TL;DR

AI providers are currently offering heavily subsidized enterprise subscriptions, but this economic model is unsustainable. As AI usage shifts toward agentic workflows, companies risk facing significantly higher bills, with many unaware of the impending financial exposure.

Major AI providers, including OpenAI, Anthropic, Google, and others, are currently subsidizing enterprise AI subscriptions at a loss, a practice that is unlikely to continue as usage patterns evolve and costs escalate, posing a significant financial risk for companies relying on these services.

Industry insiders and recent analyses indicate that AI labs are operating at a loss to promote enterprise adoption. For example, Claude Pro costs $20 per month but can incur API costs of $200 to $400 per user monthly based on token consumption, which far exceeds the subscription fee. Similarly, Microsoft reportedly loses over $20 per user monthly on GitHub Copilot, with some power users consuming up to $80 worth of compute per month on a $10 subscription.

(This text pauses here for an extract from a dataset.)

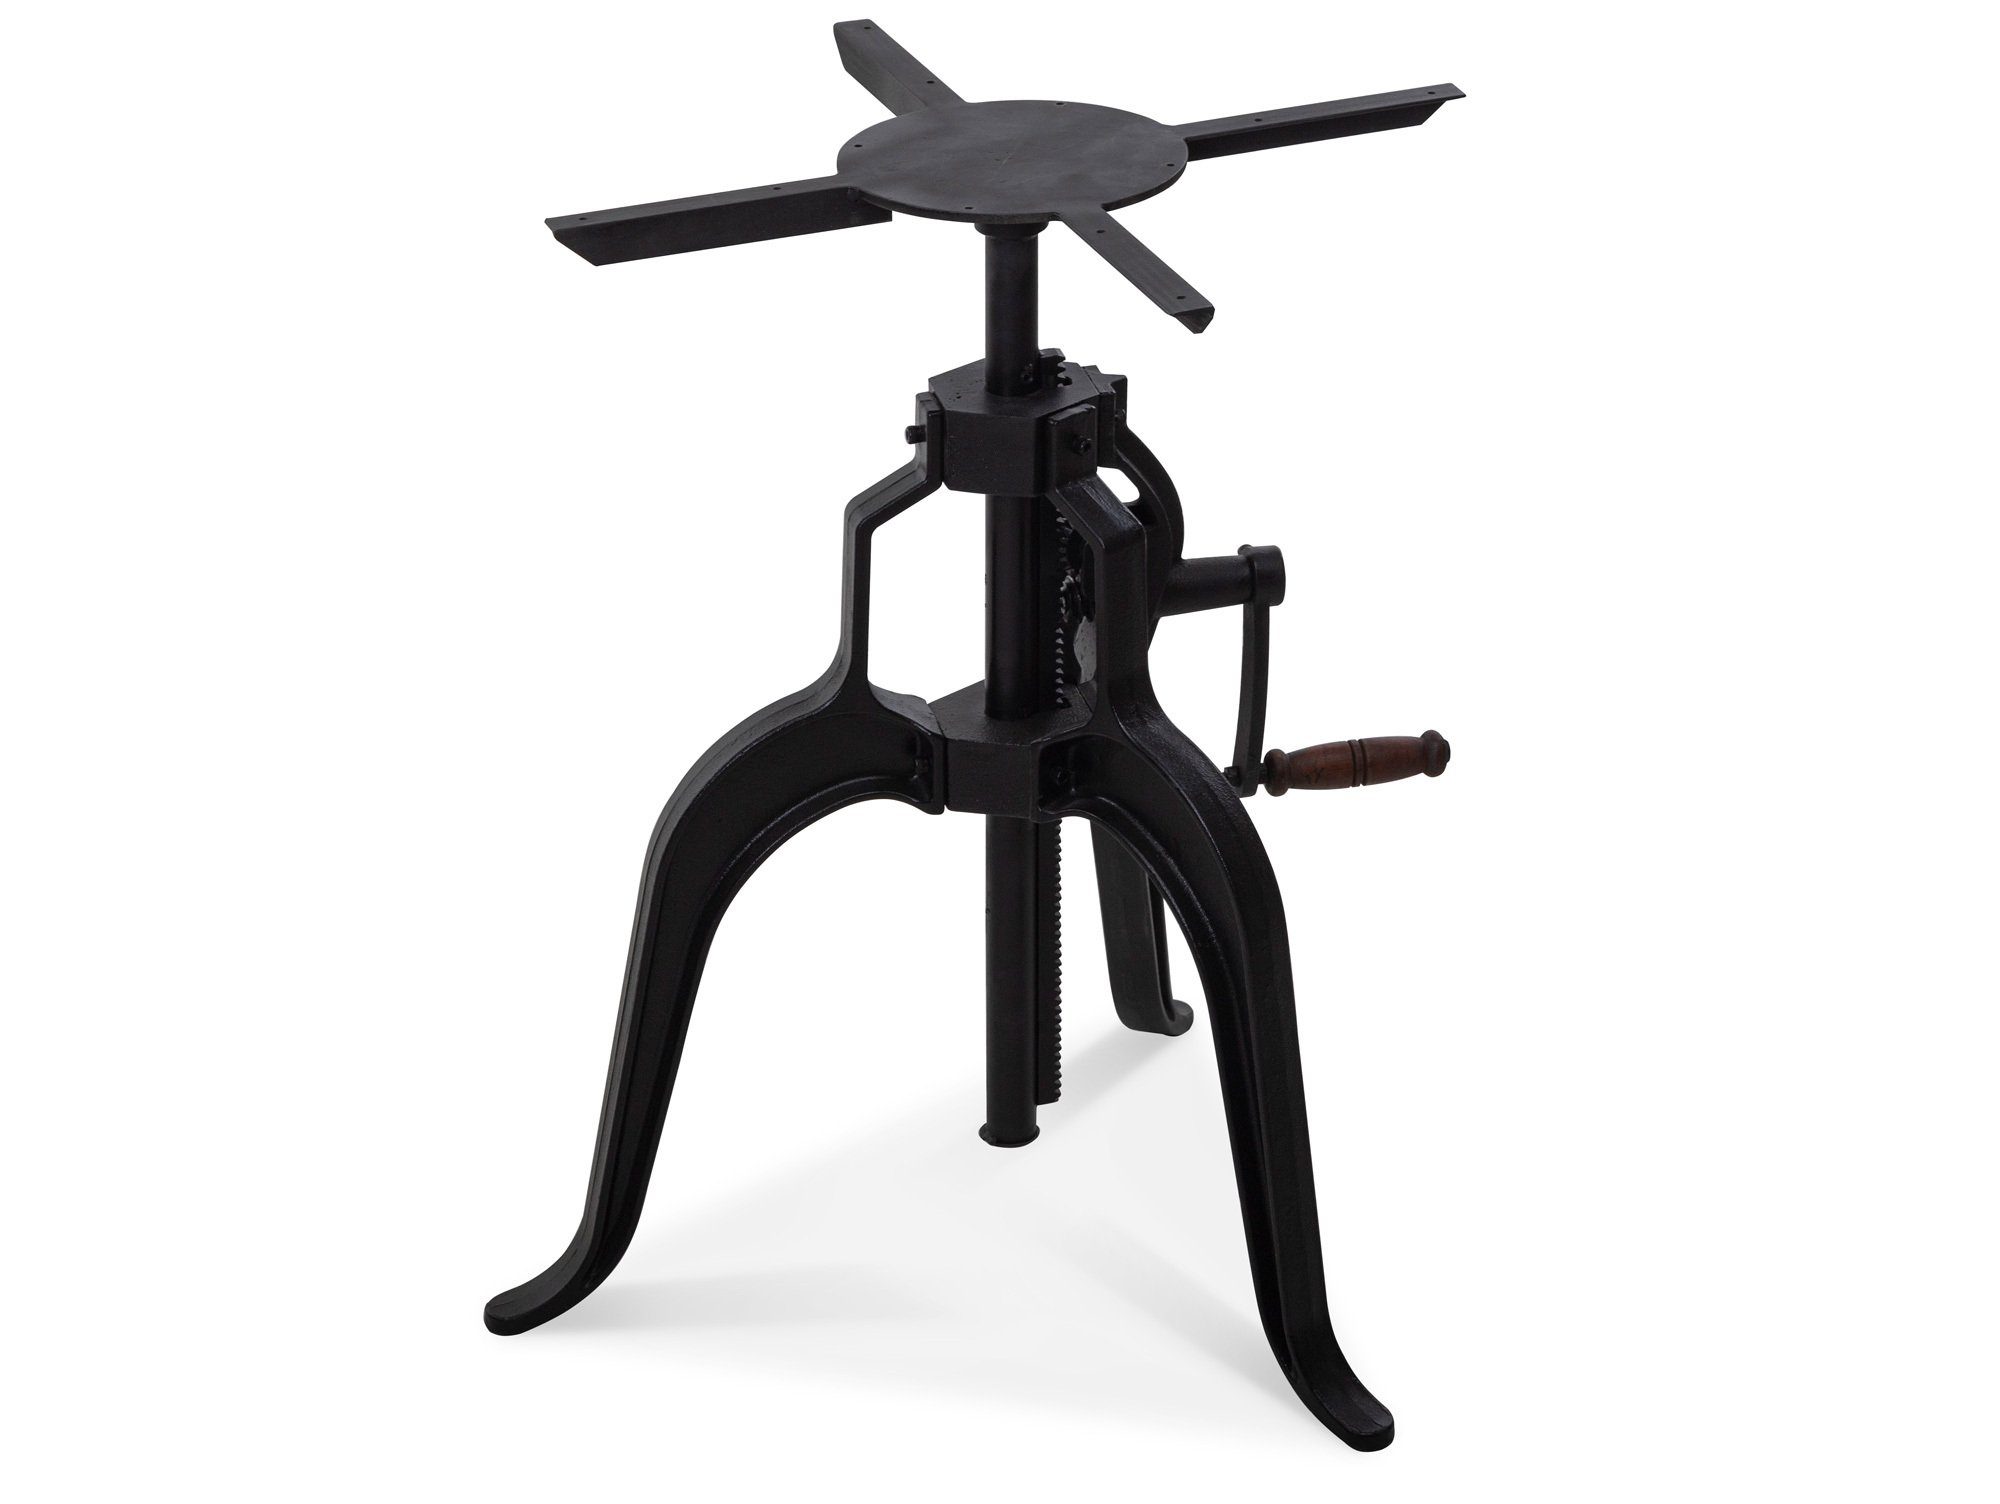 Moebel-Eins Tischgestell, Höhenverstellbares Tischgestell für Esstisch / Bartisch, Material Gusseisen, schwarz, Höhe: 72-120 cm

OpenAI’s ChatGPT Plus has remained at $20 per month for three years, despite models becoming more capable and feature-rich, suggesting that current pricing is a subsidized deal that may not last. Industry-wide, companies are effectively paying far more in compute costs than they receive in subscription revenue, with some providers subsidizing the difference through other revenue streams or ad-based models.

Why It Matters

This situation matters because the current subsidized pricing model is unsustainable in the long term. As AI workloads become more complex and shift toward agentic, autonomous operations, token consumption and compute costs are expected to rise sharply. Companies that have integrated AI deeply into their workflows may face sudden and substantial cost increases, potentially disrupting budgets and strategic plans.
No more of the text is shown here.